Stopping Jones will be the key for the Generals to have a chance. The Irish captain has rushed for 2,006 yards on 243 carries and scored 27 touchdowns in 12 games.

Reardon said the Generals’ Jake Conrad also has rushed for 2,000 yards in his 13 games.

“Conrad was their district player of the year,” Reardon said. “He’s very deserving of that honor.”

Irish running back Akise Teague has 434 yards on 52 carries and has scored three touchdowns. Quarterback Paul Kempe has completed 90 of his 165 passes for 1,621 yards and 13 scores. He’s been picked off eight times.

Kempe’s favorite targets are Teague (32 catches, 779 yards, five touchdowns) and Chris Collins (27 receptions, 428 yards, four scores).

“On defense,” said Reardon of the Generals, “they fly around and bring passion to their game. They are very good at the scheme that they run. Rarely, do you see anybody out of place.

“They are a very dangerous football team,” Reardon said. “If you look at the past two weeks, both games were very close games and they found ways to win them.
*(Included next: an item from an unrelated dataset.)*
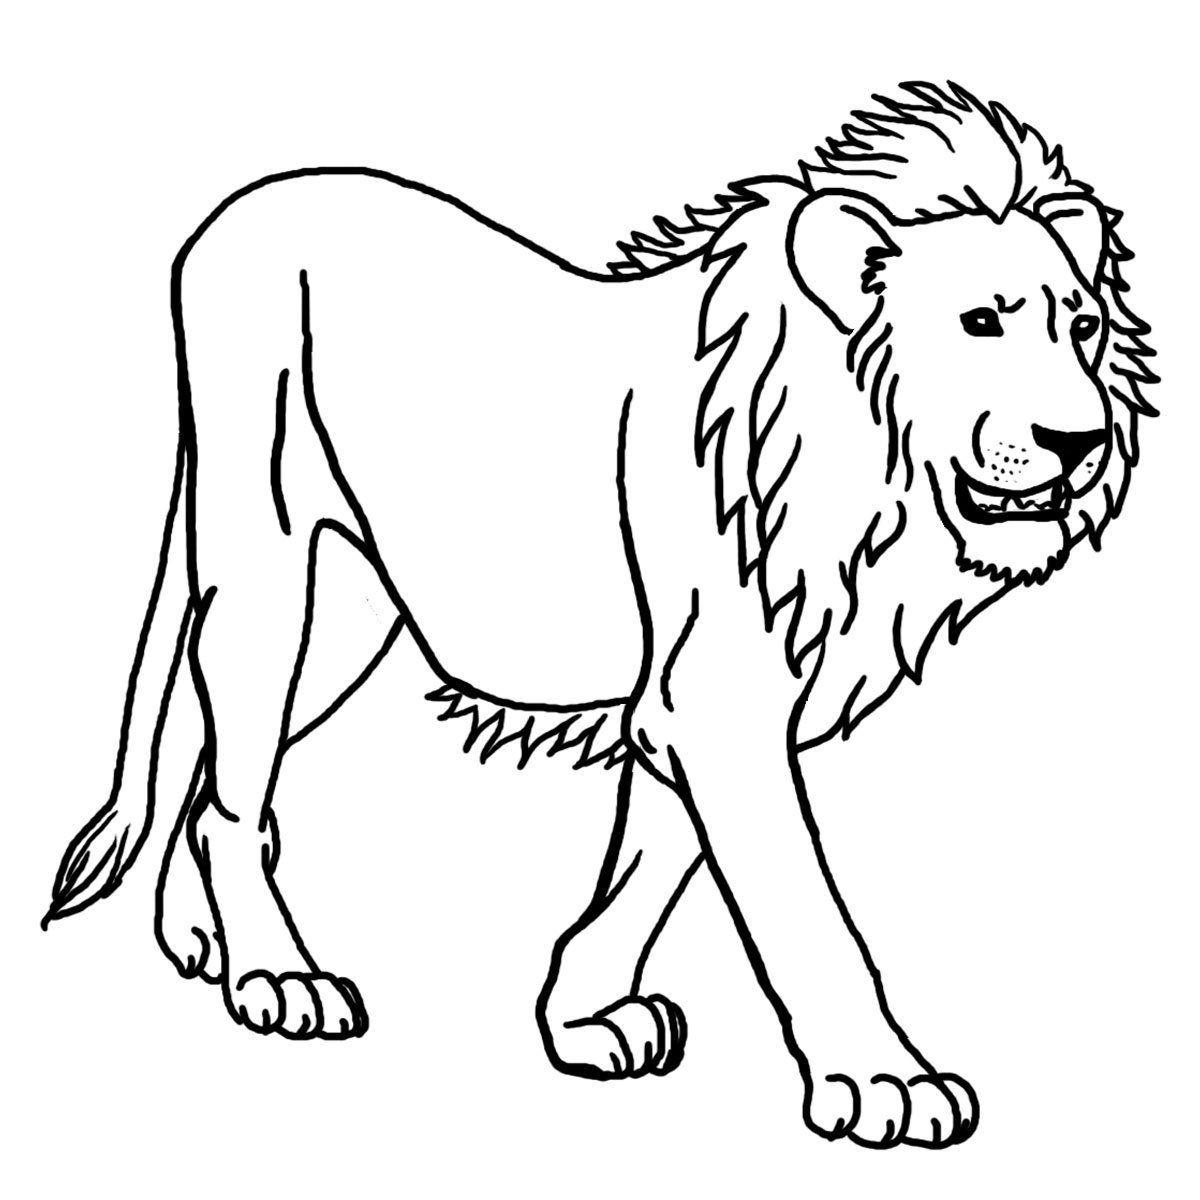 Dibujos De Leon Para Colorear Dibujos Para Colorear Coloreartv Com Leon Para Colorear Animales Salvajes Para Colorear Paginas Para Colorear De Animales
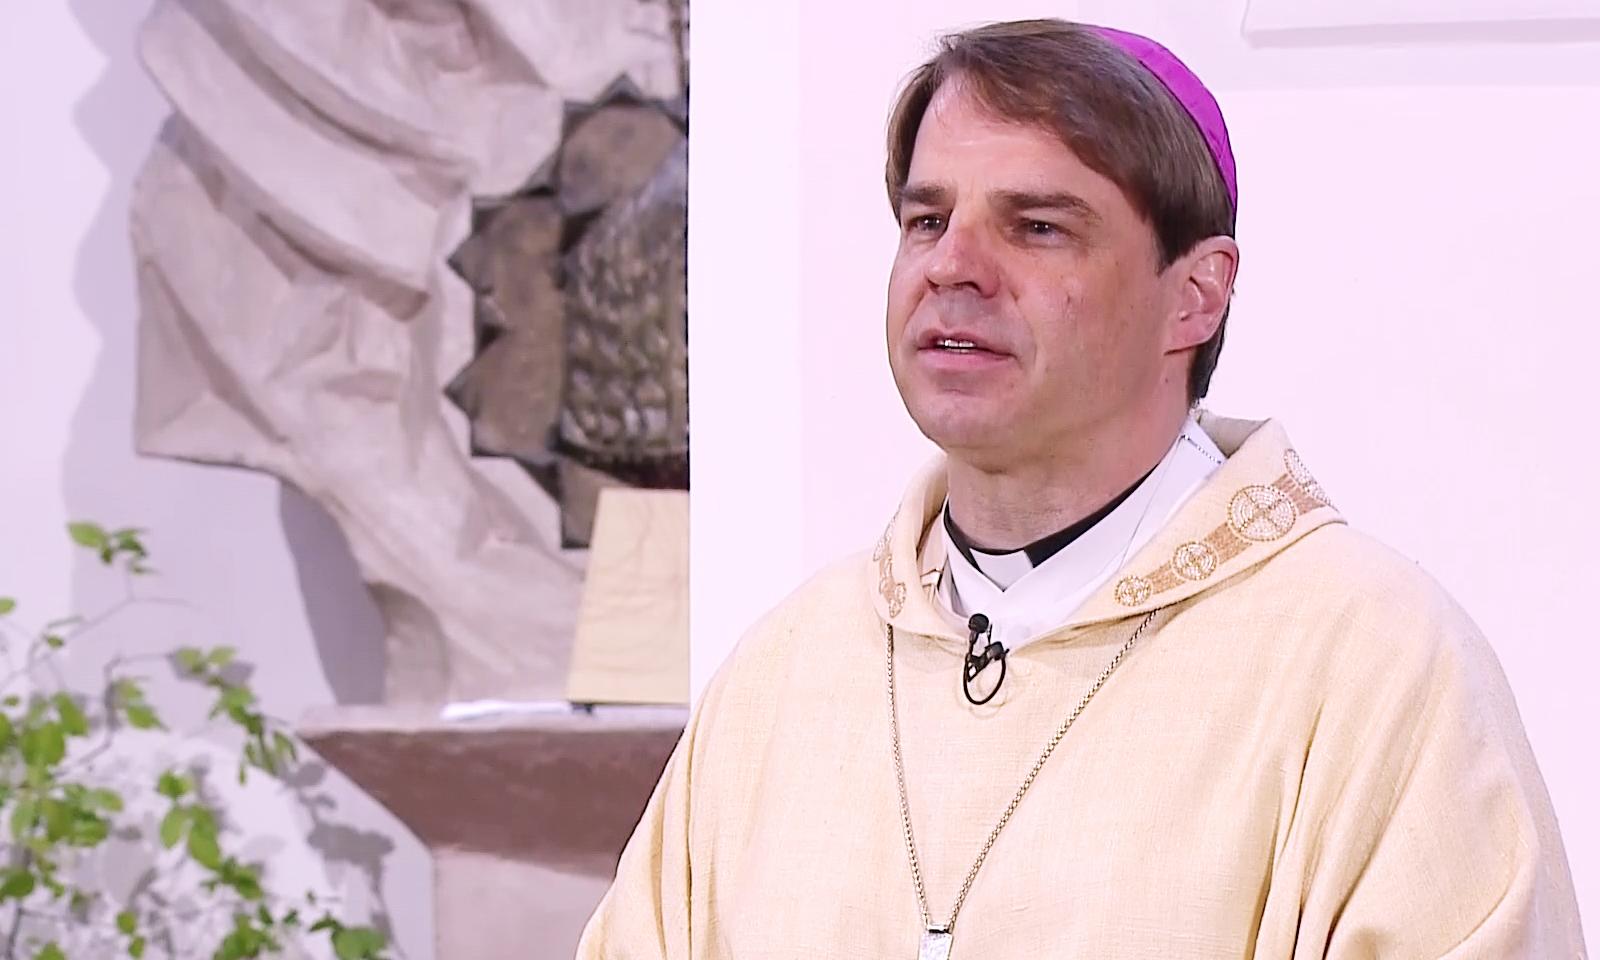 Bischof Stefan Weisser Sonntag

“Teams like that have all the intangibles. Certainly they show character in how they play and the leadership that their kids bring.”

Center David Rossi, a senior and only fulltime starter back from last year, said Ursuline’s 1-2 start gave them something to overcome early.

“We were a young team and we really just had to find our own identity,” Rossi said. “It took us a while.”

Rossi feels the team began to gel midway through the season.

“We knew from the beginning we had something special but we knew from the St. Thomas game that everything was starting to click,” Rossi said.

A 27-22 loss to Mooney in Week 9 energized the Irish for a long playoff run.

Jones said this regional title is the best for this year’s seniors.

“We didn’t want to go out on a bad note,” Jones said. “We all looked at each other in our eyes and said that we had [to play hard] or be remembered as a team that didn’t go far.”